I've been brewing for over 5 years and probably brewed 30 batches at this point. No fancy equipment, just the standard 6 gallon boiling pot, plastic bucket fermenters and glass carboys. At the outset (first 5 or 6 batches) I strained out the trub (95% of it at last) and fermented the strained wort. Then I read something somewhere that leaving the trub in was not deterimental to the product. So, I then started leaving it all in (pouring between brew kettle and fermenter to aerate the wort) and it all ends up mixed in the wort in the fermenter. There was absolutely no change in the taste of the resulting brew, certainly nothing deterimental to the taste. The trub settles out after two weeks of fermentation and nothing makes its way into the secondary when the transfer occurs. The resulting brew, after two more weeks of secondary, is very clear everytime (except for the wheat beers of course).
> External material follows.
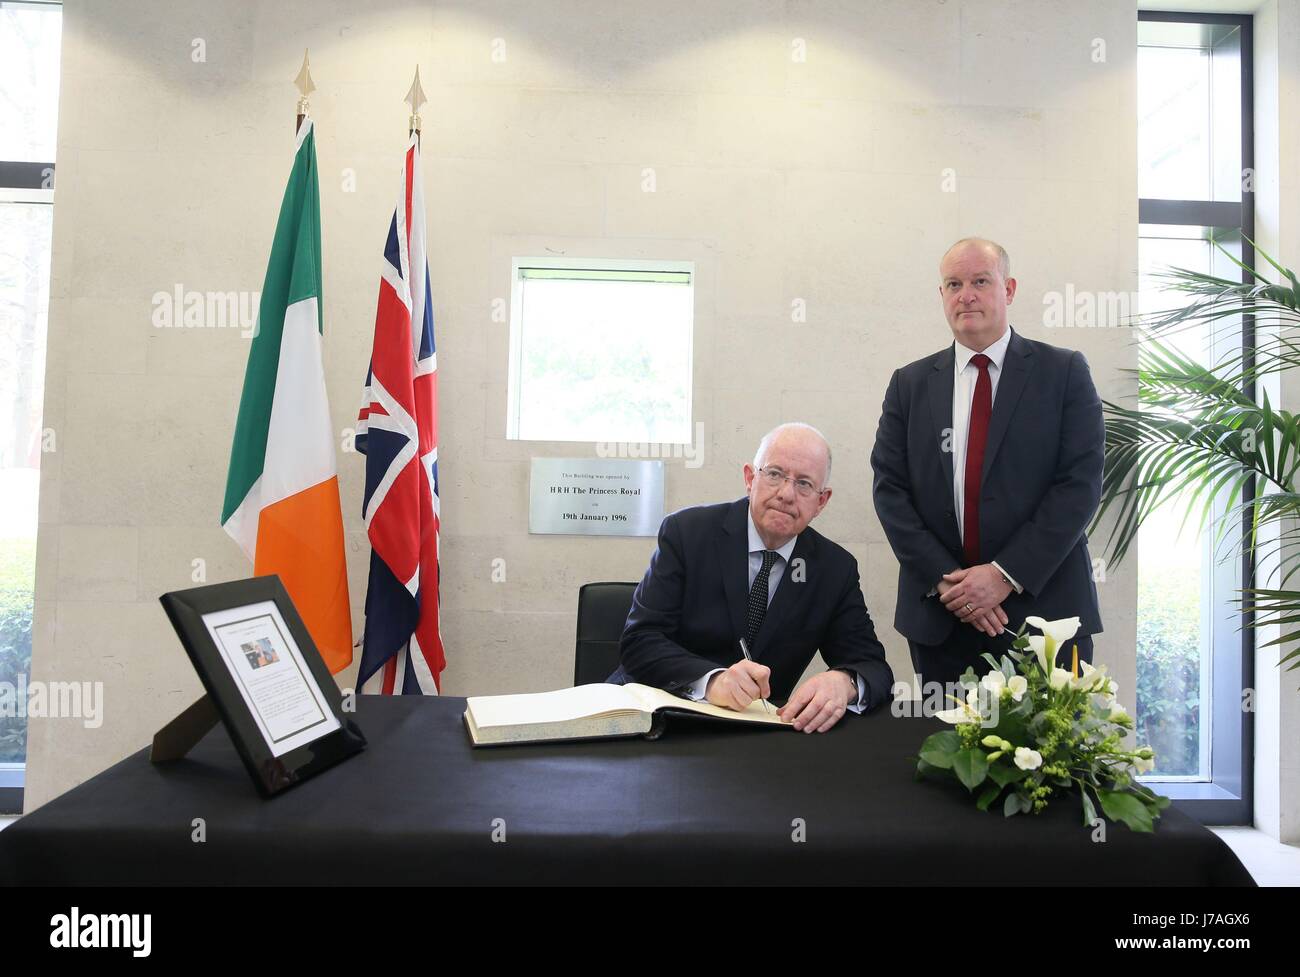 Minister for Foreign Affairs Charlie Flanagan, with Deputy Head of Mission Neil Holland (right), signs a book of condolence at the British Embassy in Dublin for those affected by the attack in Manchester. Stock Photo

Save the step and the time and don't go to the effort to strain/remove the trub. The resulting brew will be just as good.
 
Yep, dump it all.
I've got to get myself a good, large funnel with a strainer to help with any hop bits but I don't worry much.
You will see it settle out better in the fermenter and you will get most of your beer that way.
If you are worried about it sitting on that stuff, give it some time and when it's settled out better transfer it to a secondary.